Nowhere did true blue Mrs Thatcher cause more faces to turn red than in Oxford; specifically those faces belonging to academics of the older school who felt she should not poke her nose into their business of setting standards in education for the rest of the nation to follow.

And no group of people expressed their discontent more loudly or more forcefully.

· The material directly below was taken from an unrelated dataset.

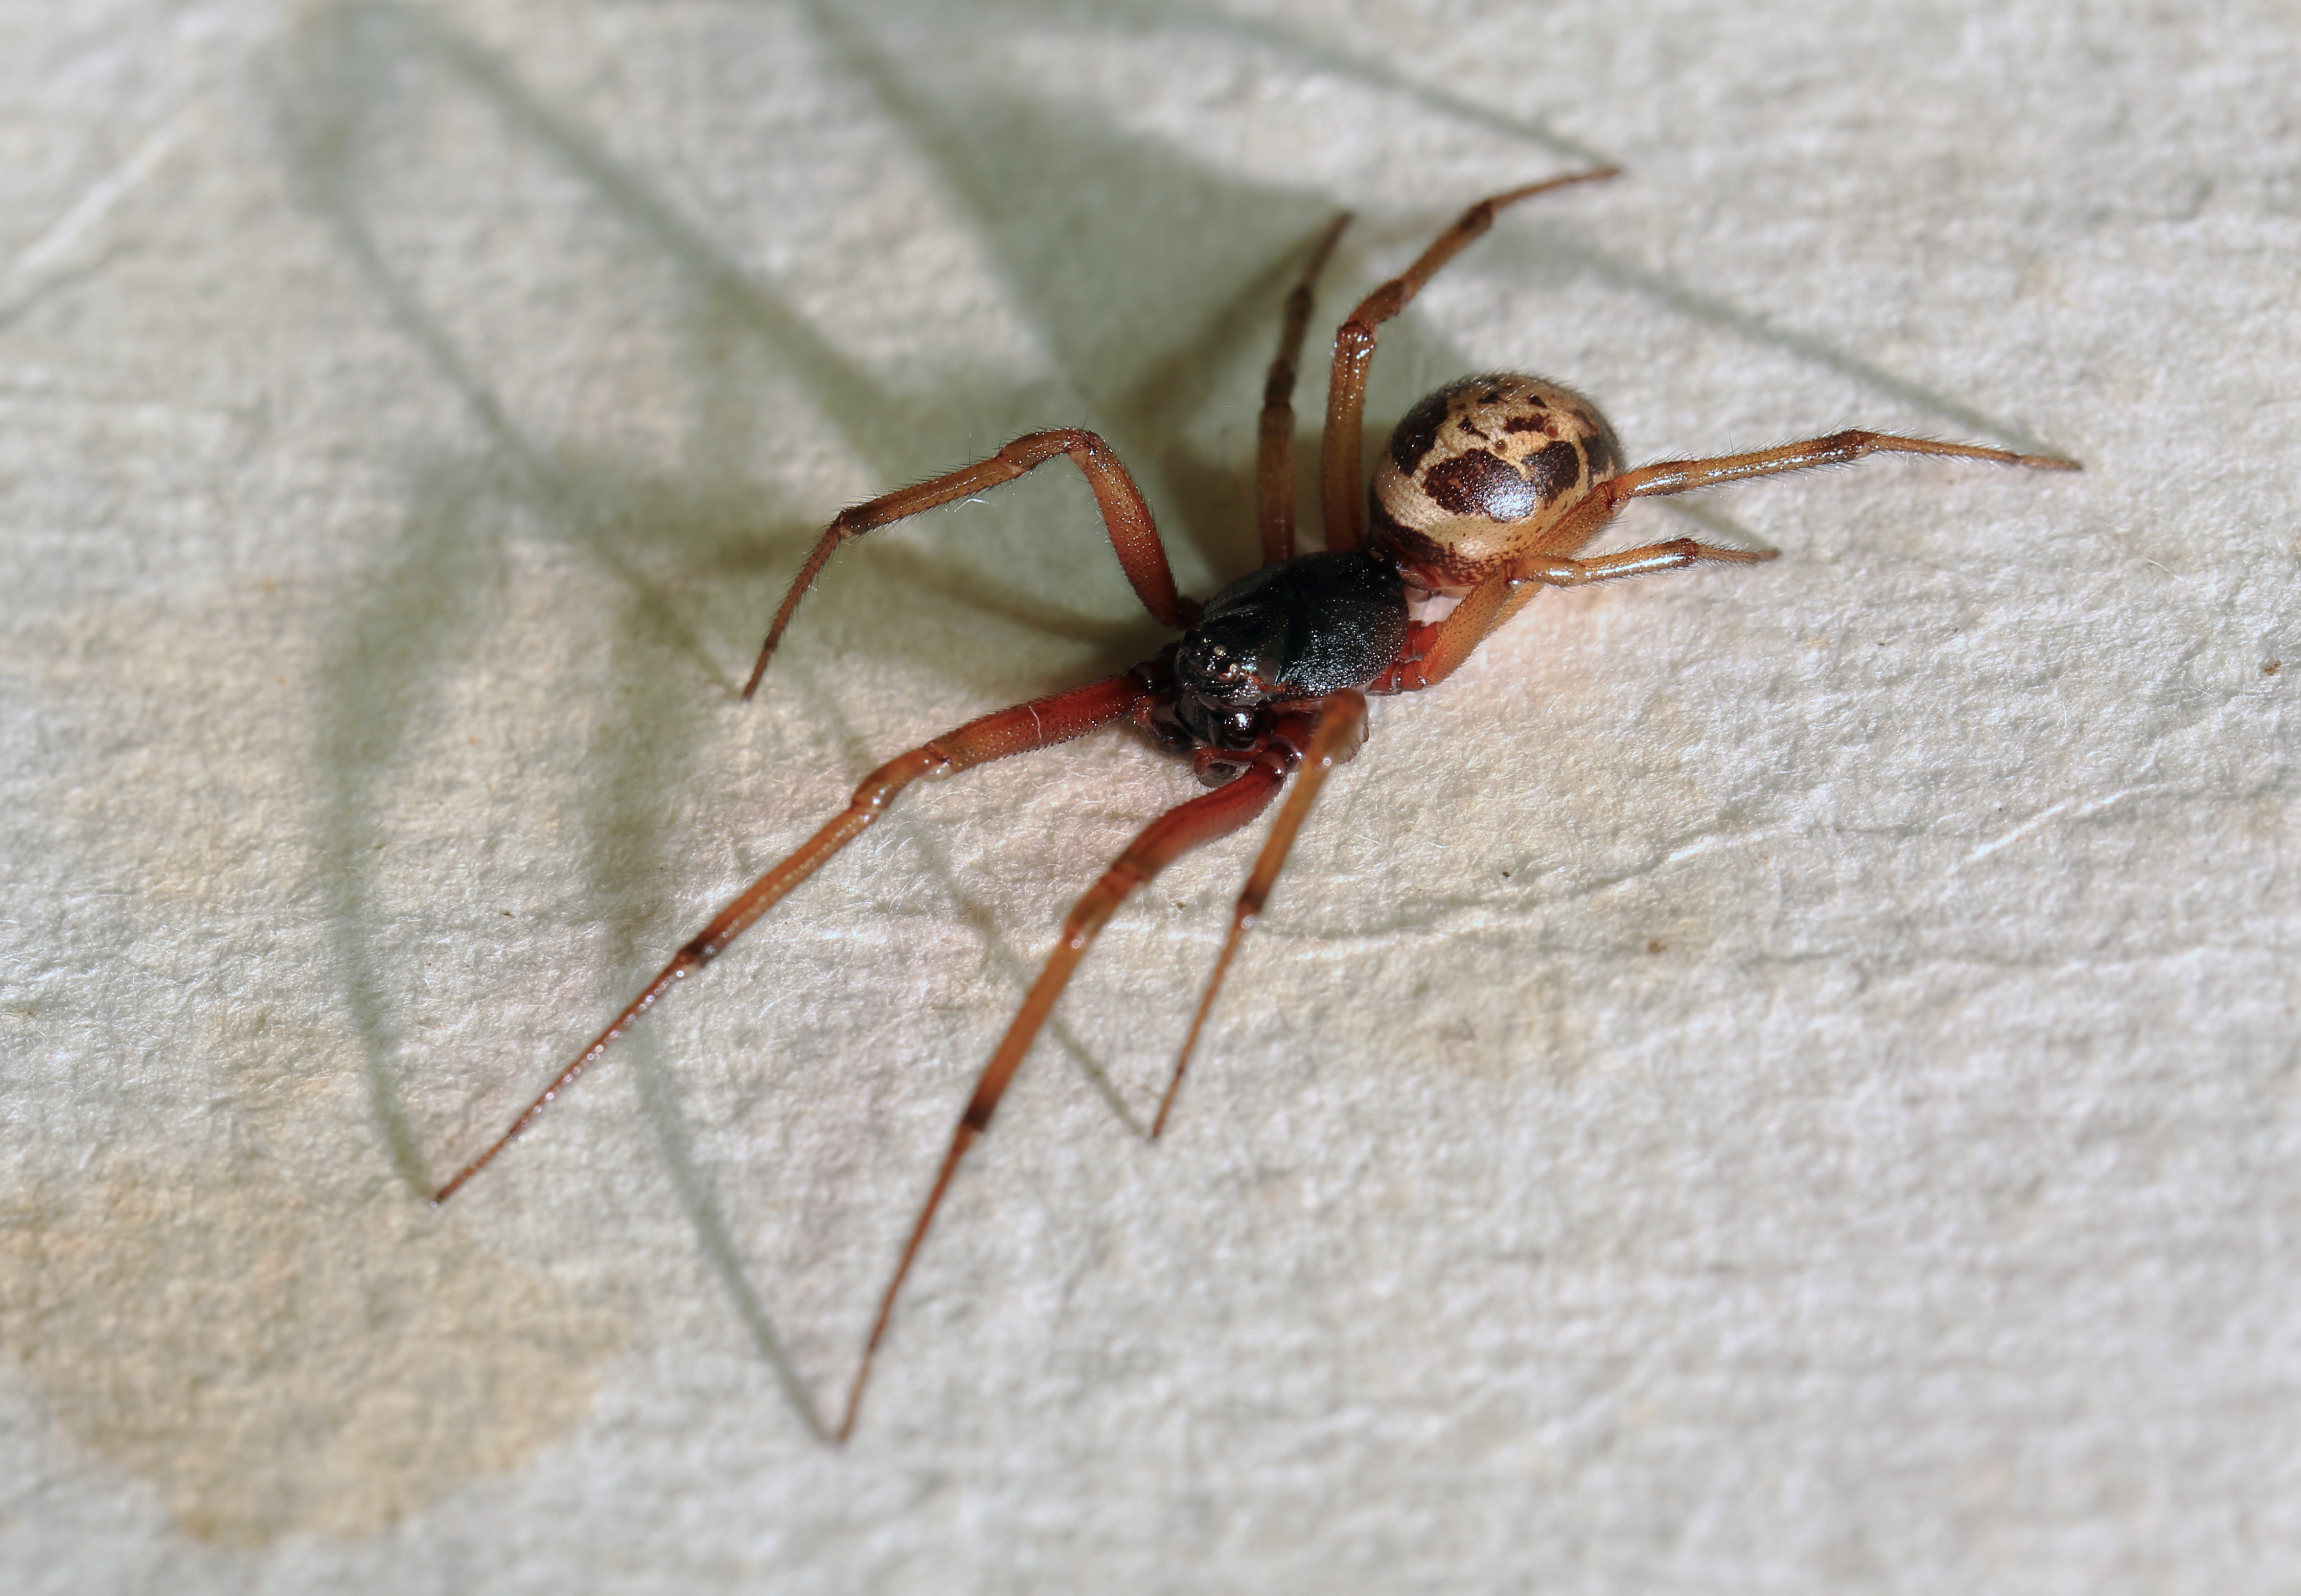 A second school has been closed by a sighting of false widow spiders in one month

In 1985 Oxford University comprehensively snubbed her by turning down a proposal to grant her an honorary degree that had until then been offered to every Oxford graduate who had gone on to become PM. Mrs Thatcher, of course, was a graduate of Somerville College.

That it was a snub is not in question. I remember musing about this after reading Noel Annan’s book Our Age (Weidenfeld and Nicholson1990) in which he posed the question of why so many of the educated classes “hated the Prime Minister with a bitterness that had not been seen since the days of Neville Chamberlain”.

To her supporters, even here in Oxford, too many academics had been allowed for too long to identify their own self-interest with that of the nation.

Lord Annan wrote: “Teachers and medical consultants were to be judged on their performance, dons on the contribution to the nation’s need for trained manpower”

And, of course, this last point was seen as absolute anathema by her opponents here; monstrous interference.

But however she is remembered in Oxford, she will have a permanent memorial in the village of Uffington, ancestral village of her husband Sir Denis. He wrote in his will that following the death of his wife a memorial should be erected in the churchyard of St Mary’s Church. There is already a Thatcher Corner and a Thatcher Gate there, and a plaque to Sir Denis (1915-2003).